As reported yesterday, the latest Baltic Air Freight Index (BAI) tracking of air freight pricing trends indicates that average Asia outbound air freight rates are “on a pronounced sequential upswing heading into peak season”, with that upswing “happening earlier this year – and off of a higher base”, highlighted Stifel’s Bruce Chan, director and senior analyst for Global Logistics & Future Mobility Equity Research. Hong Kong to Europe and North America prices were up 66% and 85% year-over-year, respectively, with both indices rising 21% and 13% since August.

Out of Shanghai Pudong (PVG), he noted that “the numbers are even starker. In September, the PVG to Europe basket (consolidated prices) rose 73% year-over-year and 38% since this August.” Chan added: “Absolute rates on Shanghai to North America are now within spitting distance of the absolute peak in 2Q20 when the PPE surge drove air cargo rates to historical highs.

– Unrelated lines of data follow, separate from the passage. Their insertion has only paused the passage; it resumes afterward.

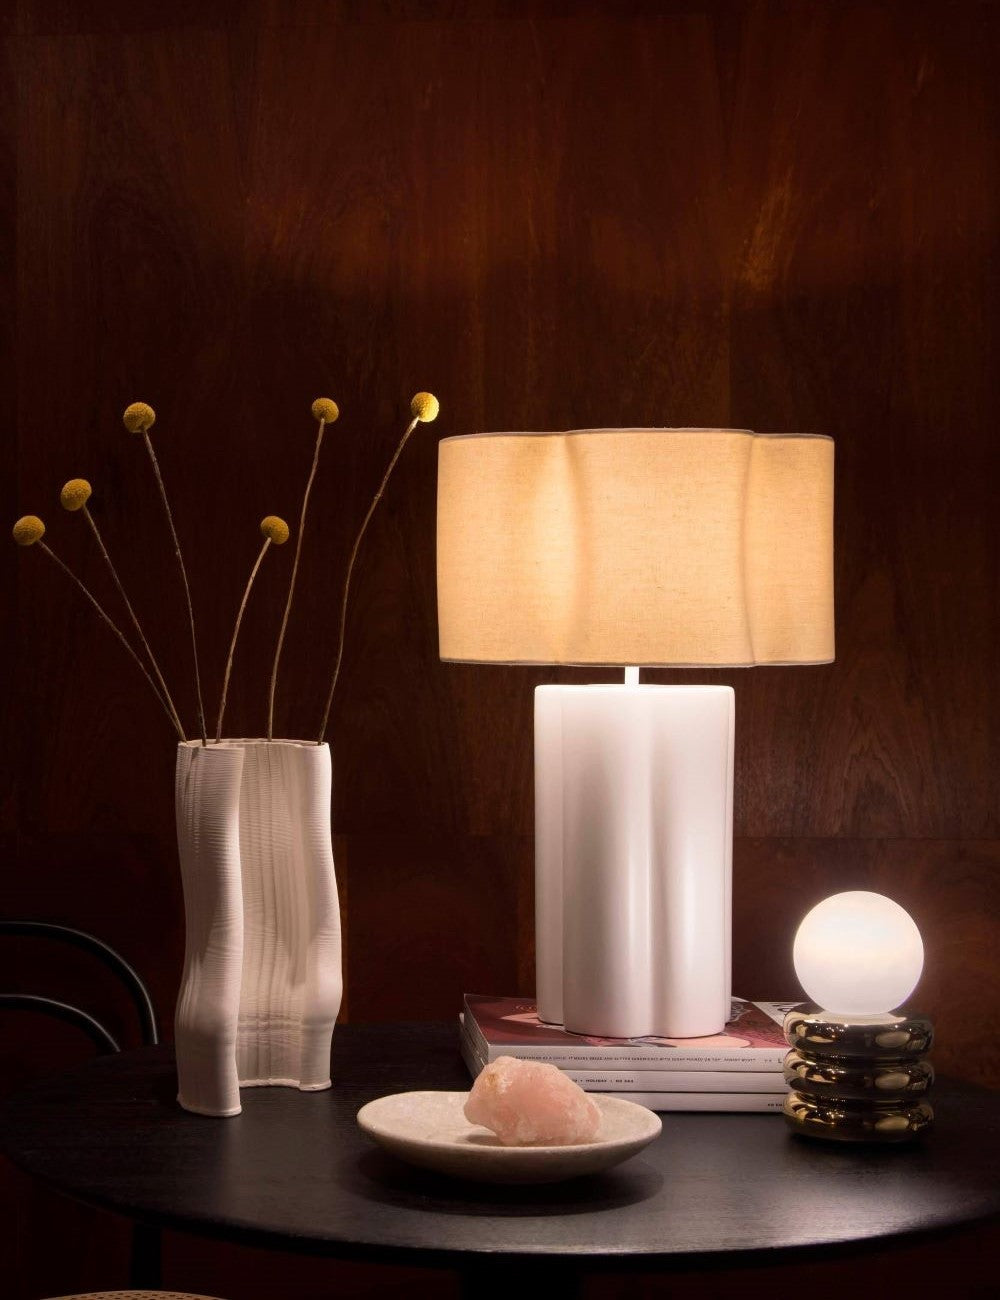 Houseof Flower Ceramic Table Lamp White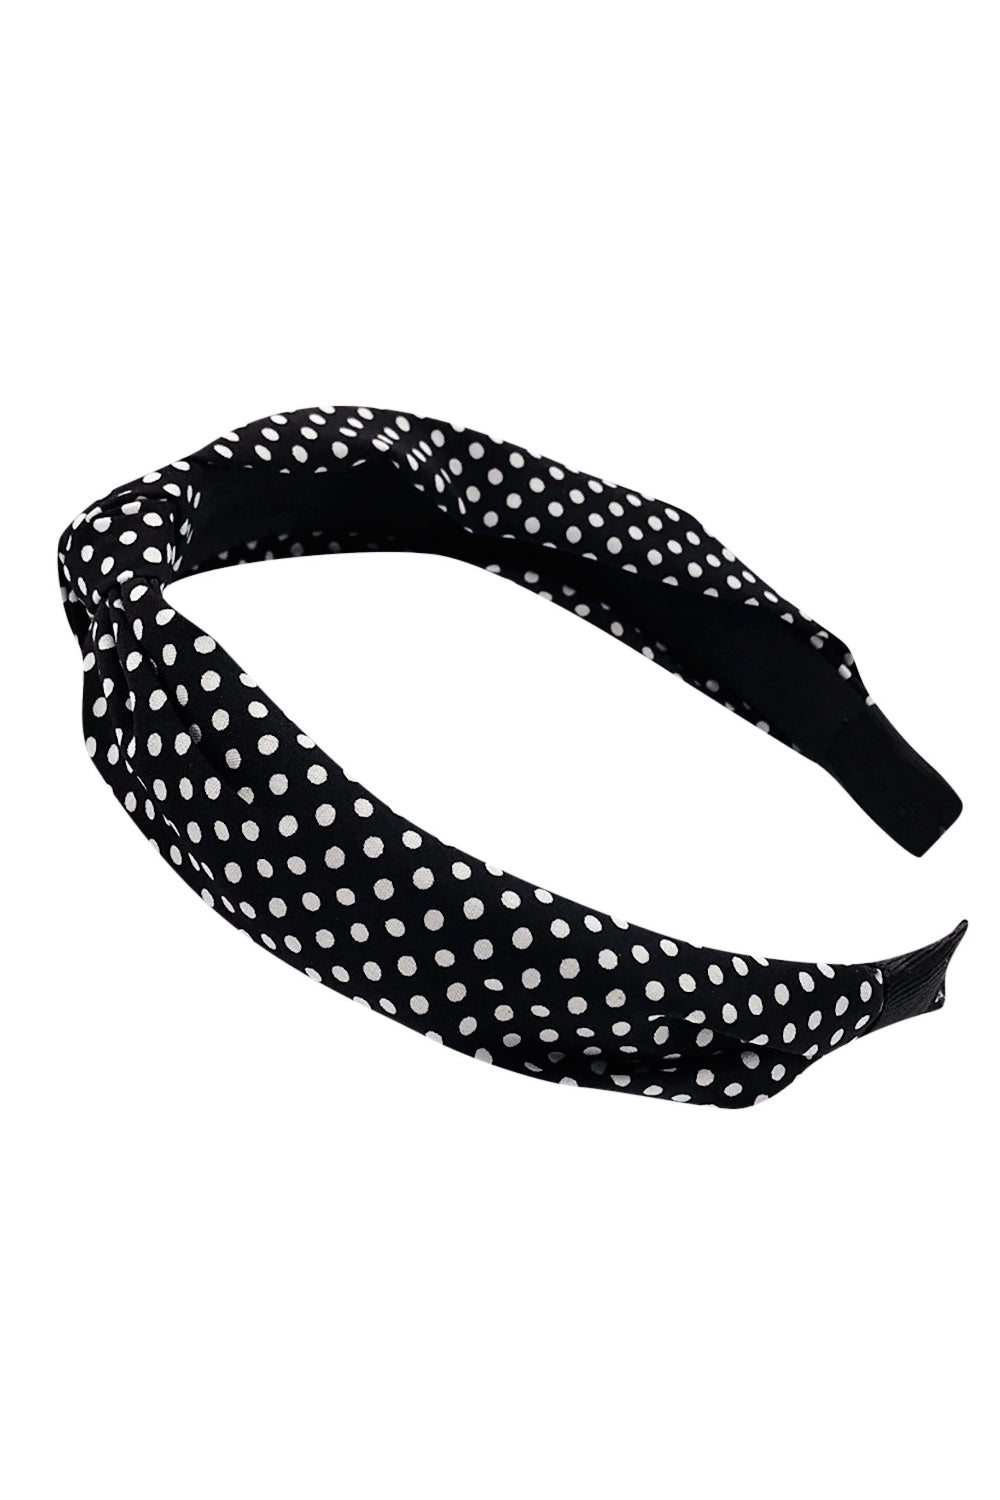 Black Polka Dot Twist Headband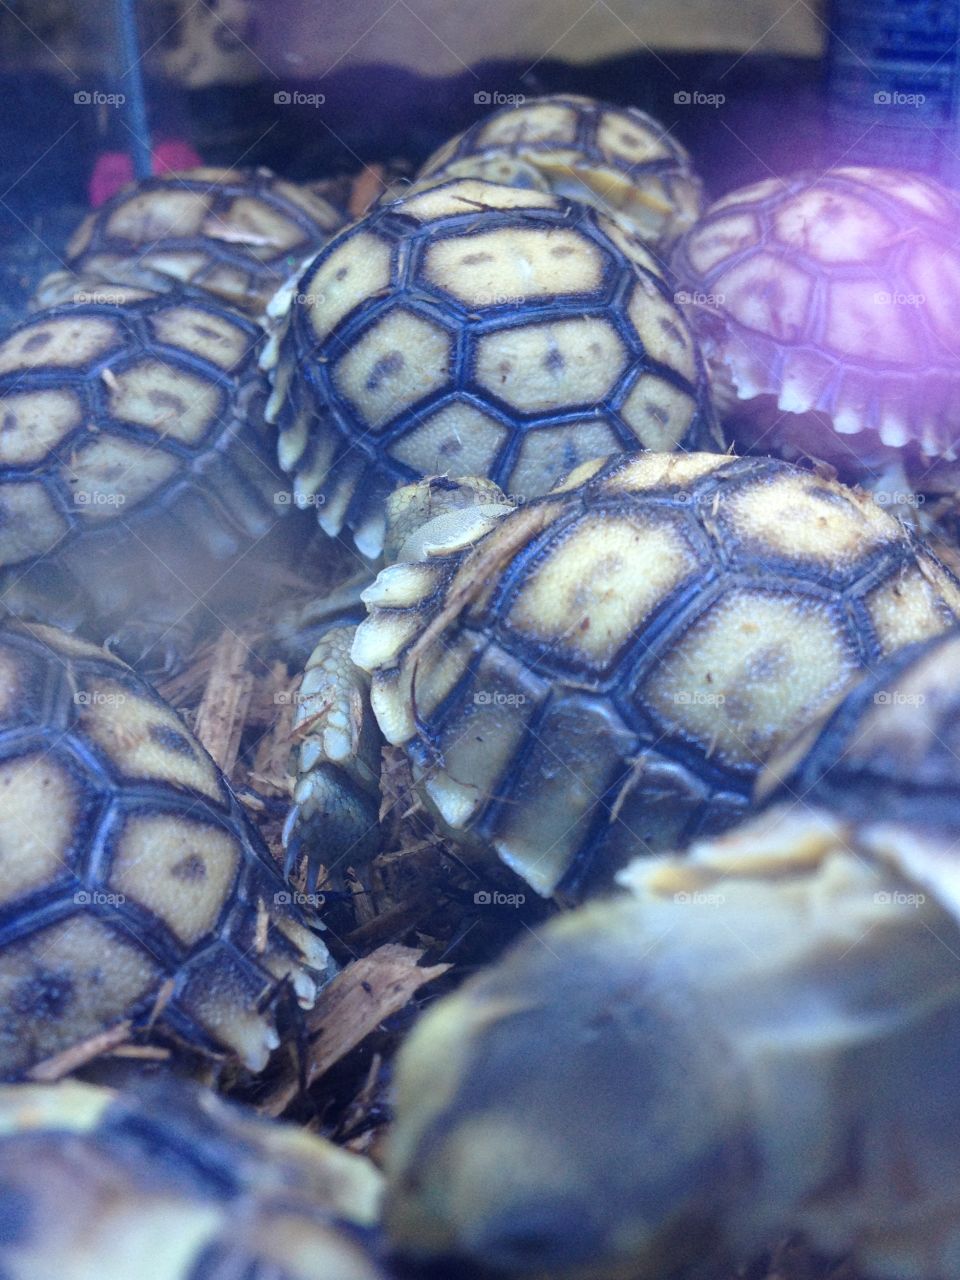 Turtles!🐢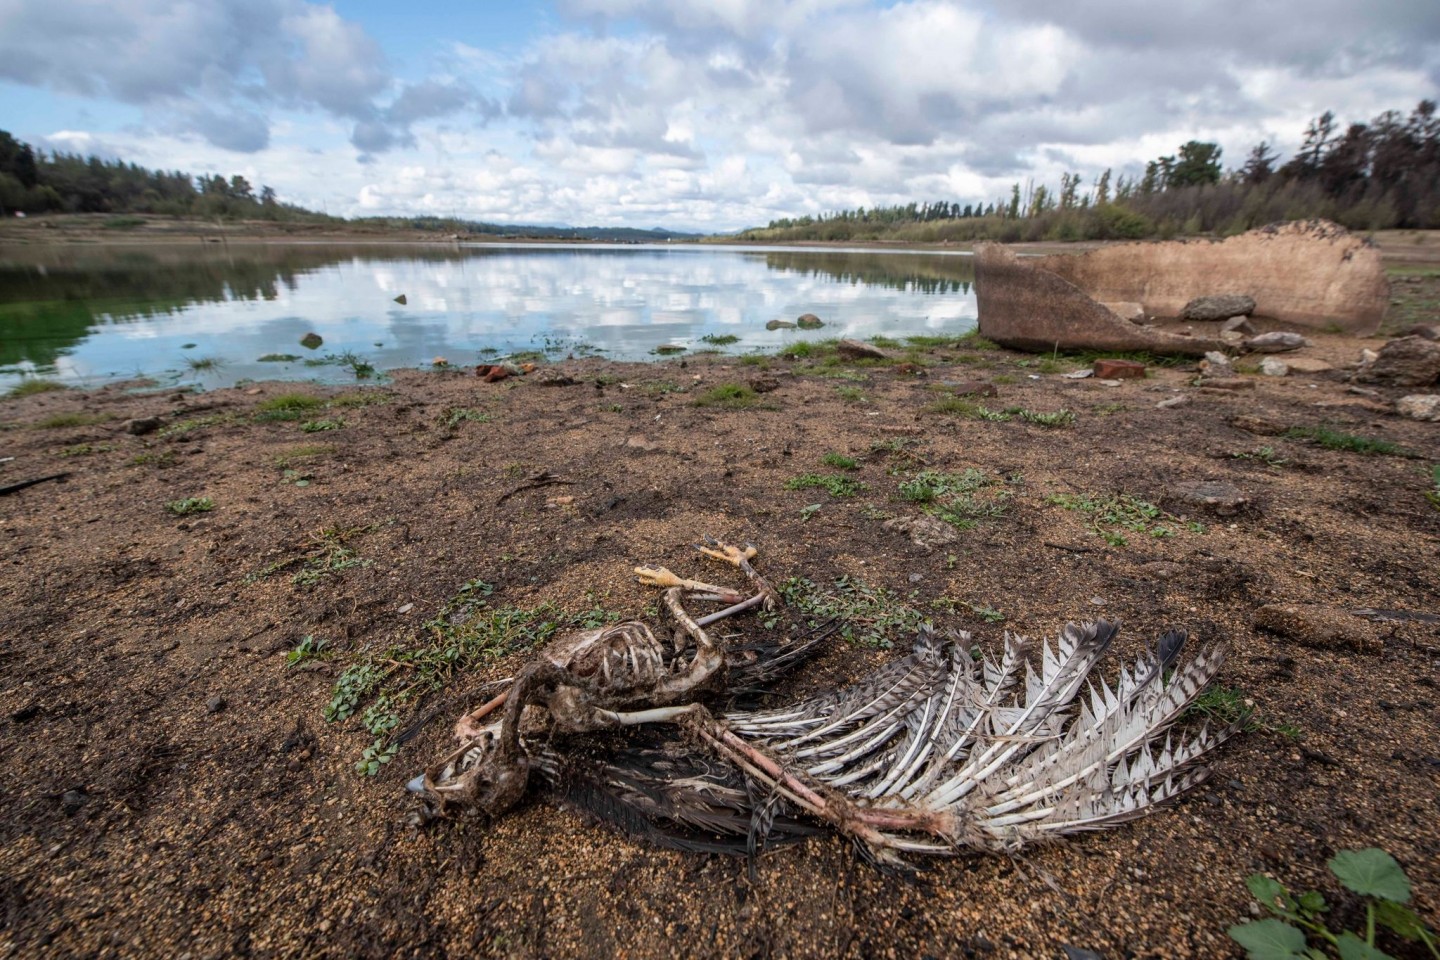 Am Ufer des Penuelas-Sees liegt nach einer Dürre ein toter Vogel. Der Weltklimarat führt die Folgen der menschengemachten Erderwärmung in seinem neuen Bericht drastischer vor Augen als je...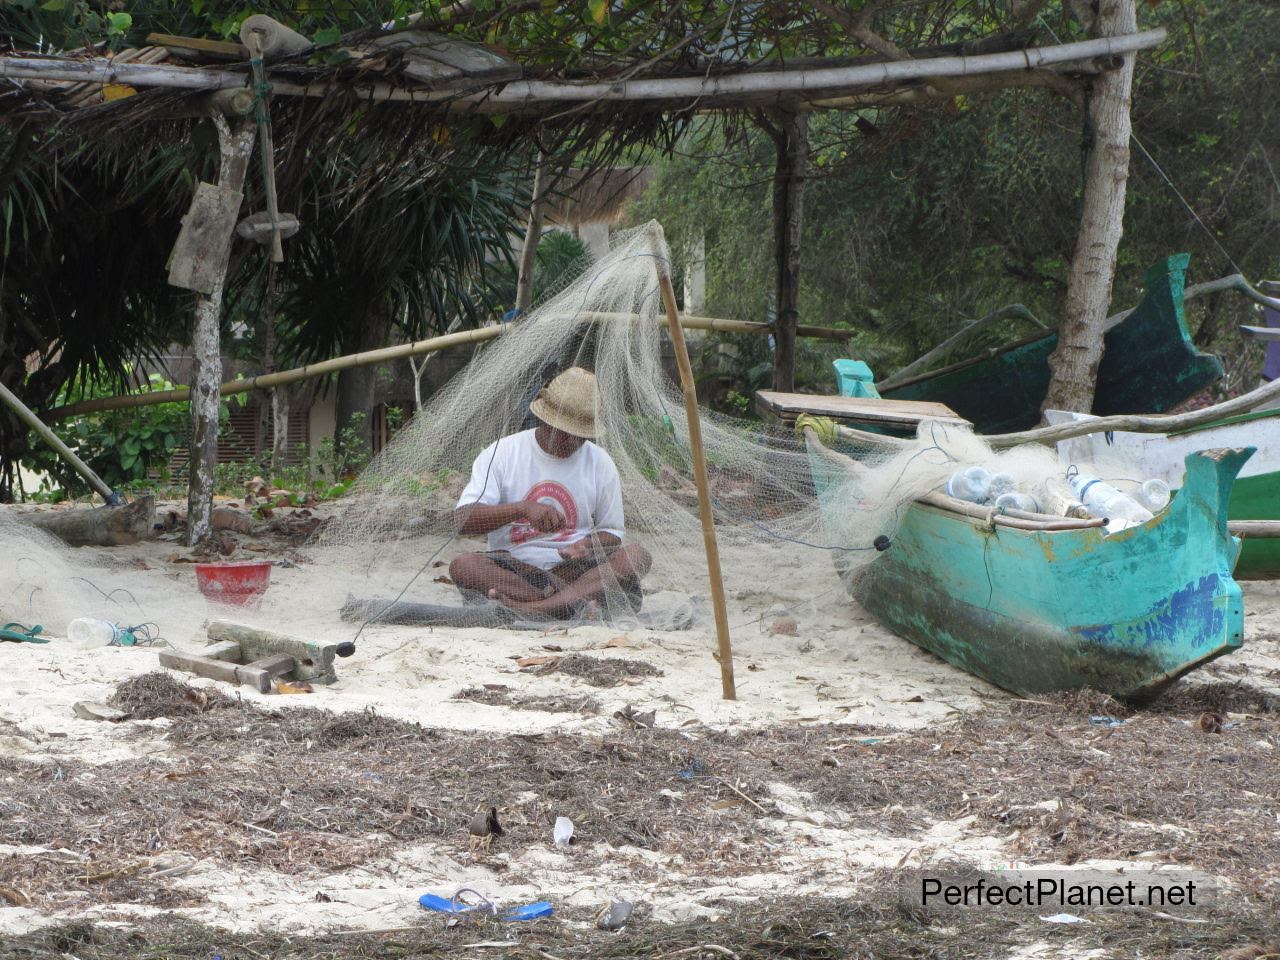 Fishermen repairing his nets

“The reason for the earlier upswing, in our view, is that retailers were caught off guard for last year’s peak by strong demand and scarce capacity. This year, many are preparing earlier for the holidays, while trying to navigate severe and persistent supply chain disruption.

Short-term modal shift

TAC Index analyst Gareth Sinclair commented: “Disruption to supply chains has continued throughout September with more of the same causals we have seen in previous months and continued short term modal shift to air freight. Demand continues to be strong as economies continue to recover and open after restrictions with a strong peak expected and no likelihood of rates softening until the New Year.”

He highlighted that the BAI index finished the month at 4,272 which is the highest level since the index was first reported in January 2018, with the last highest level being 3,975 in mid-May 2020. This final full week of September level is +80% versus the equivalent week in 2020 and +279% versus 2019.

“With the index rising for nine consecutive weeks, it is 21% above levels seen at the end of August,” Sinclair noted. “All the 17 trade lane indexes were positive versus the end of August levels, ranging from a modest +0.3% on Frankfurt to USA, to +83% on Frankfurt to China.”

CN/HK Markets

Both the China and Hong Kong markets saw strong improvements in September over August of 24% and 15%, respectively, and both continued to show gains of around 50% versus last year. All the trade lanes from these markets were positive over August. Both indices to Europe saw similar month on month improvements, 31% and 27%, respectively.

But the difference between the ex-China and ex-Hong Kong markets was larger on flows to North America, with HKG +6% versus August levels whilst PVG was +24% – impacted by capacity constraints, Sinclair said. Hong Kong to Southeast Asia (SEA) finished the month +15% versus the last week of August.